The template can be deployed on an NGC optimized instance, here we list

the steps necessary to configure it on a AWS EC2 **g4dn.xlarge** instance

on the **NVIDIA Deep Learning AMI** environment.

1. Log in via ssh following the instructions on the EC2 Management Dashboard.

2. Clone the repo `pytorch-template` in the home directory.

3. Download the most update PyTorch container running 

`docker pull nvcr.io/nvidia/pytorch:YY.MM-py3`

(replace “YY” and “MM” with the most recent version updated monthly)

4. Create a container with

```

docker run --gpus all --name template -e HOME=$HOME -e USER=$USER \

    -v $HOME:$HOME -p 6006:6006 --shm-size 60G -it nvcr.io/nvidia/pytorch:YY.MM-py3

```

At the end of the procedure you will gain access to a terminal on a Docker

container configured to work on the GPU and you could simply run the commands

above leveraging the speed of parallel computing.

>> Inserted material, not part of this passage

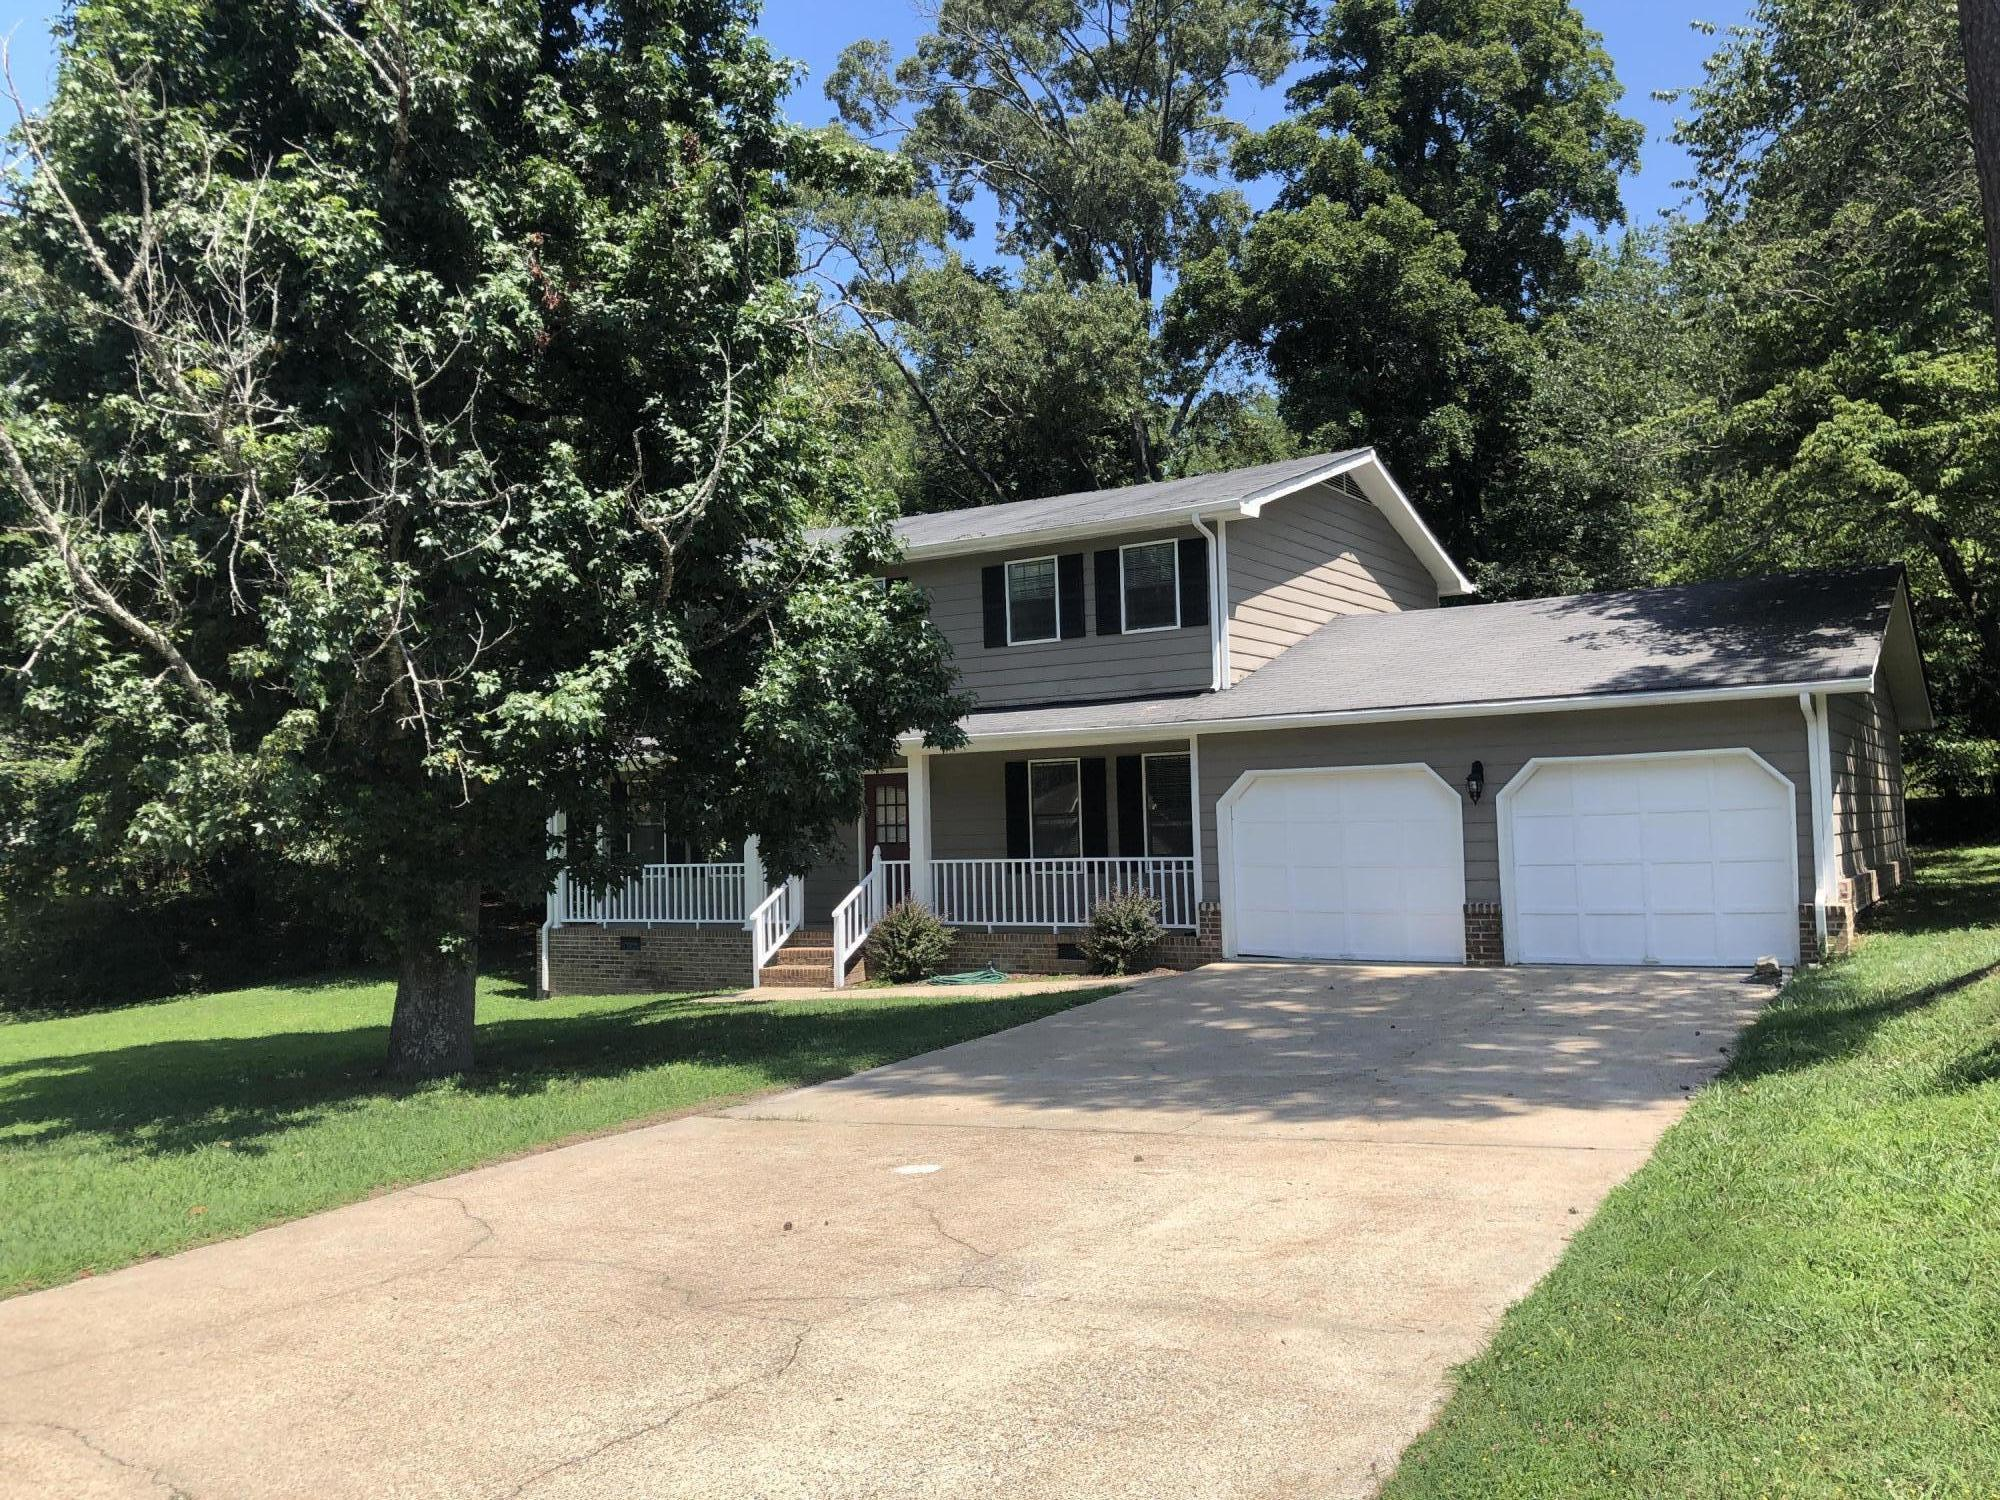 9209  Berkshire  Cir, Chattanooga, Tennessee

The `$HOME` directory on the Docker container is linked to the `$HOME` directory

of the host machine, so the repository can be found in the `$HOME`, similarly the

port 6006 used by TensorBoard is remapped from the container to the port 6006

of the host machine.

Useful commands to interact with the Docker container are:

- `docker start template`: start the container;

- `docker exec -it template bash`: open a terminal on the container;

- `docker stop template`: stop the container;

- `docker rm template`: remove the container.

In order to monitor training you can run the following commands from the container console:

- `watch -n 1 nvidia-smi` to monitor GPU usage;

- `tensorboard --logdir runs/ --bind_all` to start Tensorboard.

## Other 

The template also includes an implementation of a cool new optimizer,

[Ranger](https://medium.com/@lessw/2dc83f79a48d). 

Ranger uses the [Lookahead](https://arxiv.org/abs/1907.08610) optimization method 

together with the [RAdam](https://arxiv.org/abs/1908.03265) optimizer.

It is not used here, as it is way too slow for such a simple model,

but it reportedly performs better than other Adam variants on deeper models. 

You can use it simply by calling:

 ```

from pytorch_template.models.optimizer.ranger import Ranger

optimizer = Ranger(module.parameters())

```

If you want, you can specify many more hyper-parameters. 

If you use a learning rate scheduler, you should make sure that the learning rate remains

constant for a rather long time, in order to let RAdam start correctly and to take

advantage of LookAhead exploration.

An implementation of the [Mish](https://arxiv.org/abs/1908.08681) activation function is

also included. Mish seems to perform slightly better than ReLu when training deep models,

and works well in conjunction with Ranger. 

To use Mish, you just need to call it:

```

from pytorch_template.models.mish import Mish

mish = Mish()

```

## License

This project is licensed under Apache License 2.0,

see the [LICENSE](LICENSE) file for details.